The following chart shows that when the belief cutoff is increased, the shape of the overlap coefficient rank distribution typically shifts towards higher overlap coefficients. Darker lines correspond to higher belief. Notably, this pattern does not hold for the literature derived models (e.g., Pain Model). The RAS Model results should also be disregarded since the statements there should have an axiomatic belief of 1.0, but are tagged via TRIPS so have a lower belief.
The nodes in the long tail of these distributions hold the most potential for novelty but also the most liability for irrelevance. Our next step is to build a minimal browser for looking into these nodes as having a human in the loop for the investigation of these nodes at the boundaries of EMMAA models could be useful.
Towards an automated recommendation engine¶
Our ongoing work towards an automated recommendation looks at the neighbors of nodes in the EMMAA models within the embedding space from the full INDRA Database to identify potential additions. We are investigate several clustering algorithms and their classification counterparts as potential methods for scoring nodes for inclusion. Similarly, we are investigating anomaly detection methods at can be used in reverse towards the same goal.

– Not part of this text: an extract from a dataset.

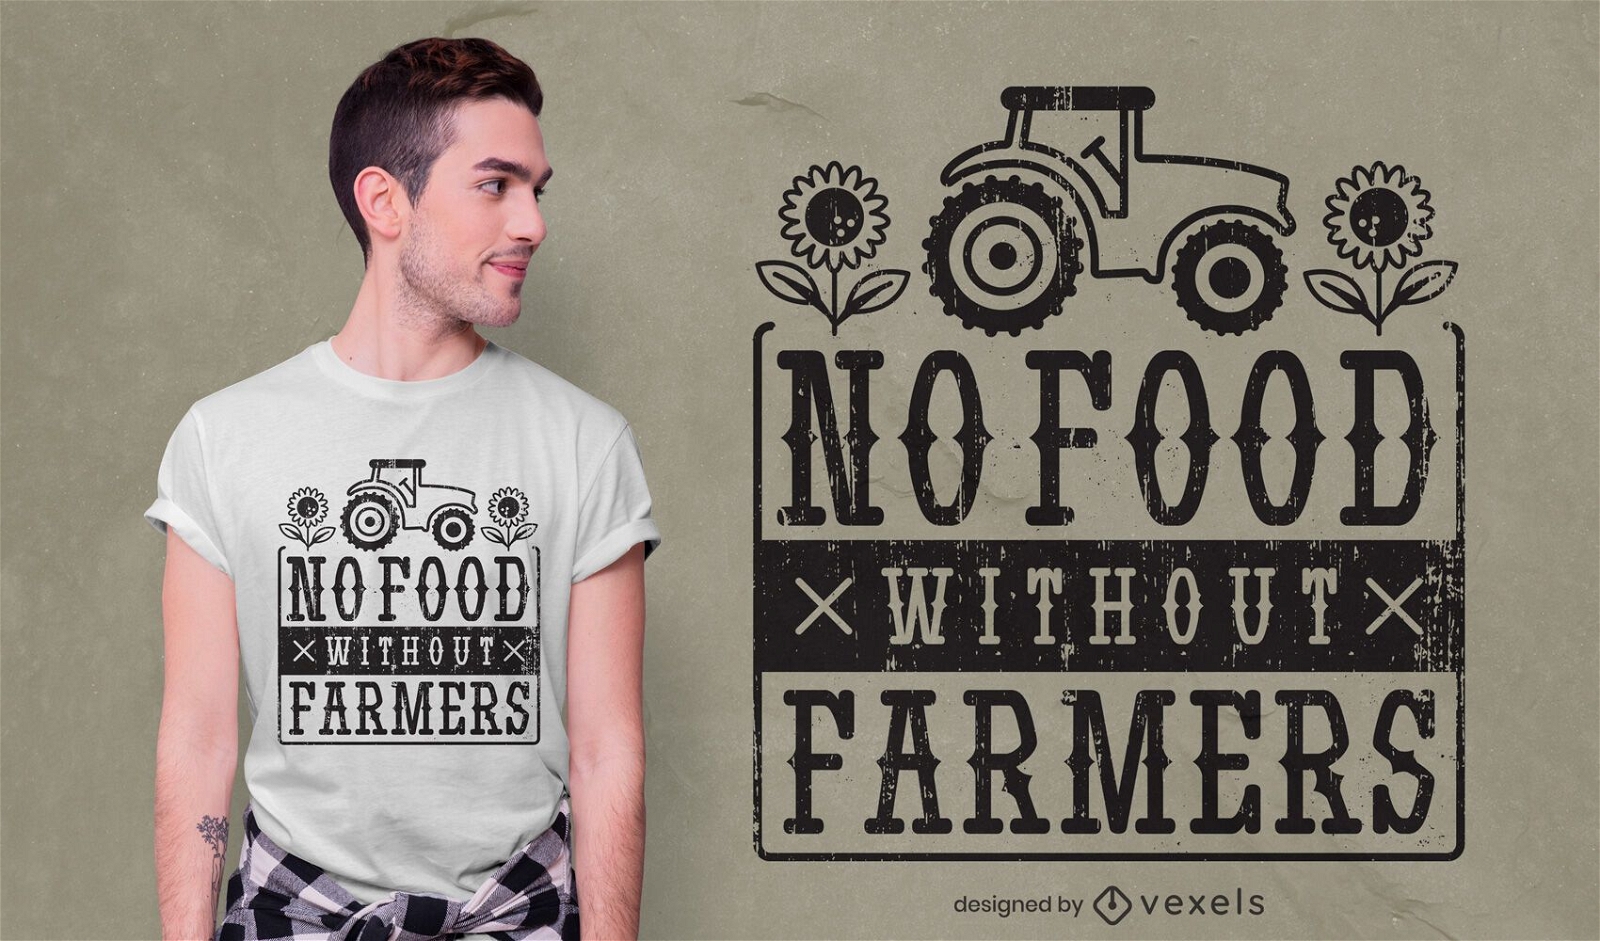 No food without farmers t-shirt design

Later, we will return to the k-nearest neighbors analysis to identify nodes that could potentially be removed from a given EMMAA model.
While node2vec performs well on biological networks due to the symmetry in the model formulation and the important
property of local community structure common to biological networks, we would still like to use more powerful methods
for network representation learning. We are making improvements to the
pykeen package for knowledge graph
embeddings in order to make it more scalable and applicable for the directed graph with typed edges assembly of
INDRA statements. So far, we have made several improvements to its memory management on large graphs and begun work
accelerate for scaling across multiple GPUs.